How Can These Ideas Be Used on the Test?
Solving a correlation/causation question typically comes down to evaluating the various possible explanations for a given correlation and applying the above analysis. These questions often establish correlation and proceed to conclude that causation is present. Answer choices that don’t speak to any of the five possible explanations of correlation should generally be eliminated or ignored.
If the question calls for strengthening the inference of causation, a correct answer could be one that uses the above techniques to rule out other possible explanations of the correlation. Alternatively, a premise that showed that the inferred causation was in time order would also strengthen the conclusion and be a right answer.
If the question instead calls for weakening the conclusion, an answer that provides or supports another plausible explanation for the correlation would be correct, as would an answer demonstrating that the inferred causal relationship is out of time order.

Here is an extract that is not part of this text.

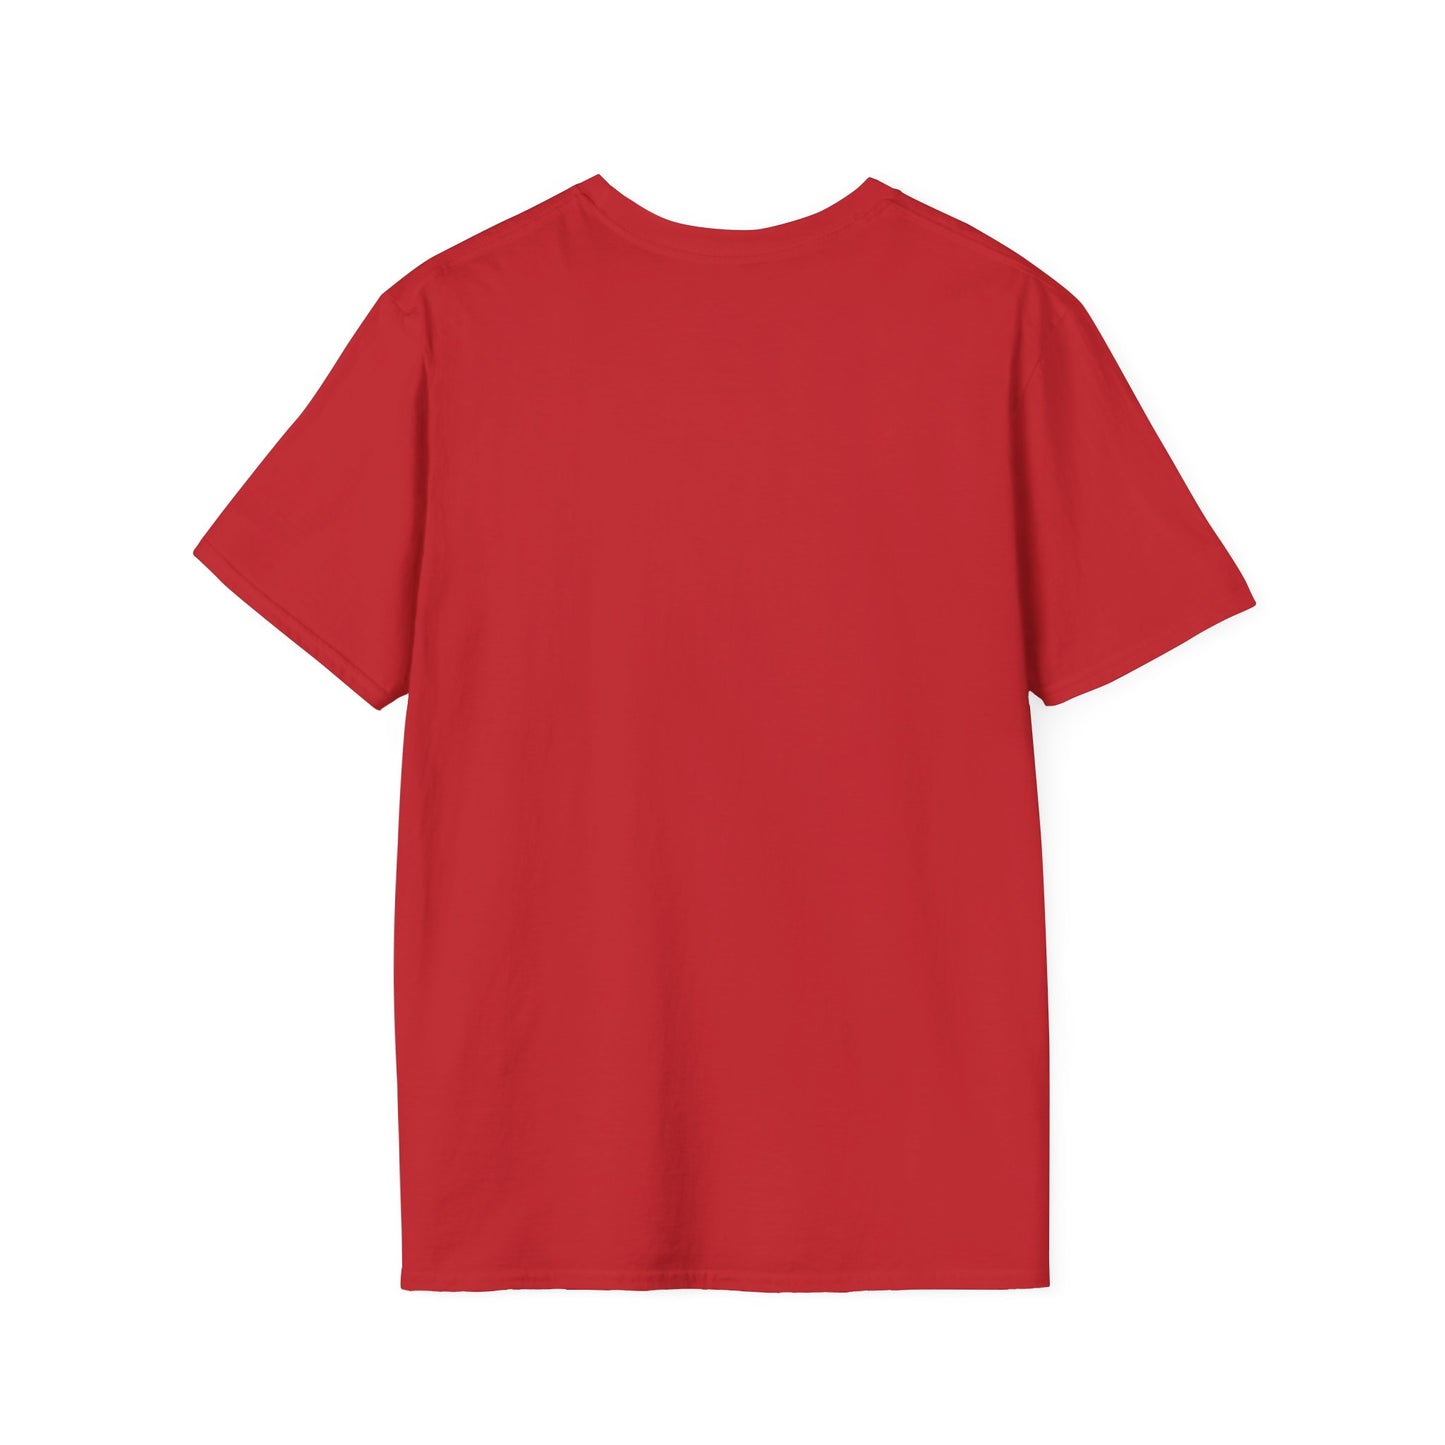 T-Shirt rouge unisexe flamboyant en soutien aux agriculteurs

In short, look through the answer choices, ignoring anything other than the above-listed explanations of correlation, and find one (the right answer) that applies one of those explanations to either strengthen or weaken the inference of causation (as appropriate). It is useful to have an idea in mind before turning to the answer choices, but be aware that there is generally more than one way to strengthen or weaken an inference of causation.
Want to See an LSAT Example?
Sure! Thanks for asking!
Okay, let’s look at LSAT PrepTest 30, Section 4, Question 17 (Next 10 LSAT, page 74).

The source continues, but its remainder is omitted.